Namely, the research team, led by Rafael Auras, a professor at the School of Packaging at MSU, has made a bio-based polymer blend that’s compostable at home and in industrial settings. The innovation brings new excitement to the potential future waste reduction of petroleum-based plastics. Less than 10% of plastic waste is recycled in the United States, with the bulk of the material ending up as trash or litter.
“In the U.S. and globally, there is a large issue with waste and especially plastic waste,” Auras said in a statement. “By developing biodegradable and compostable products, we can divert some of that waste. We can reduce the amount that goes into a landfill.”
The issue has been of interest to many organizations. Last year, a coalition of industry, infrastructure, and academic associations in the United Kingdom sought to advance compostable packaging with $1.4 million in funding from the U.K. Research and Innovation’s Smart Sustainable Plastic Packaging Challenge. The coalition aimed to study the feasibility of collecting, sorting, and treating compostable packaging through existing bio-waste collection and treatment programs.
The polymer, PLA-g-TPS, was evaluated in simulated composting conditions by Auras and his team, who published their findings in ACS Sustainable Chemistry & Engineering. The polylactic acid, derived from plant sugars, has been used in packaging for over a decade. Its waste byproducts are also all-natural, such as water, carbon dioxide, and lactic acid.
The team noted that their compound ensures that plastics that will go into the compost don’t need to be cleaned of food contaminants, boosting the efficiency of plastic recycling. PLA can be biodegradable in industrial composters, which can create conditions with higher temperatures that are more conducive to breaking down bioplastics.
The idea of also composting PLAs at home was previously thought not possible, but researchers were able to show it could be done after integrating a carbohydrate-derived material called thermoplastic starch into PLA. The starch enables the microbes to “more easily chow down on the PLA degrades,” the researchers noted.

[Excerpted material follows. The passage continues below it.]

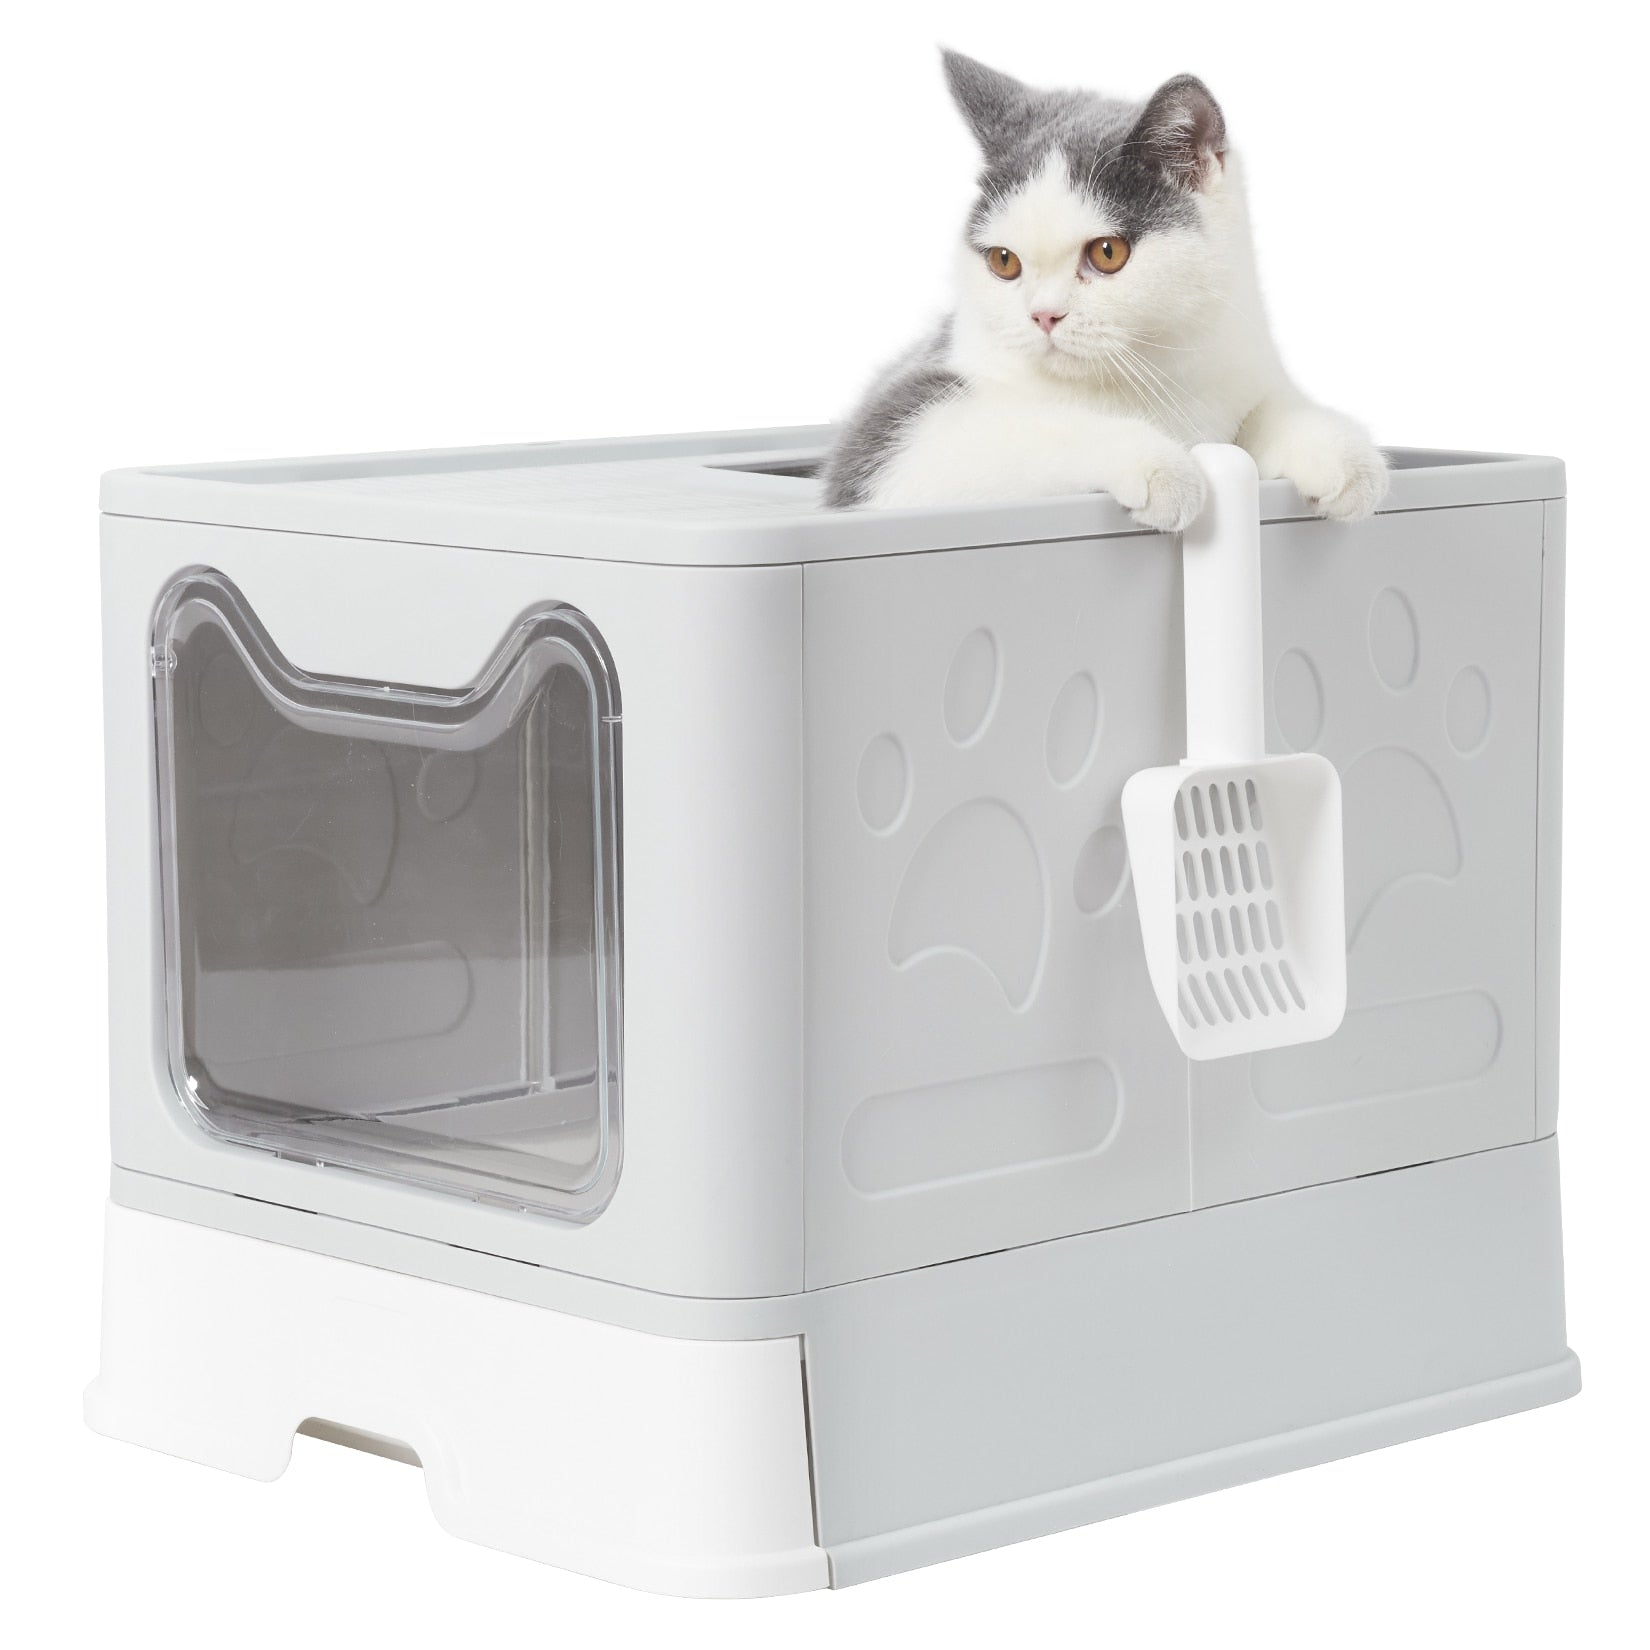 (Out of Stock) Top Entry Foldable Cat Litter Box Cats Toilet with Cat Litter Scoop

Researchers also noted that to break down, the plastics require certain composting conditions. Outside of active composting, the plastics won’t break down in the environment, creating a fear that the plastics could just become litter.
“If people think we develop something biodegradable so it can be littered, that will make the problem worse,” Auras said. “The technology we develop is meant to be introduced into active waste-management scenarios.”
Overall, the study proved that composting PLAs could potentially be done at home and has brought new excitement to future uses.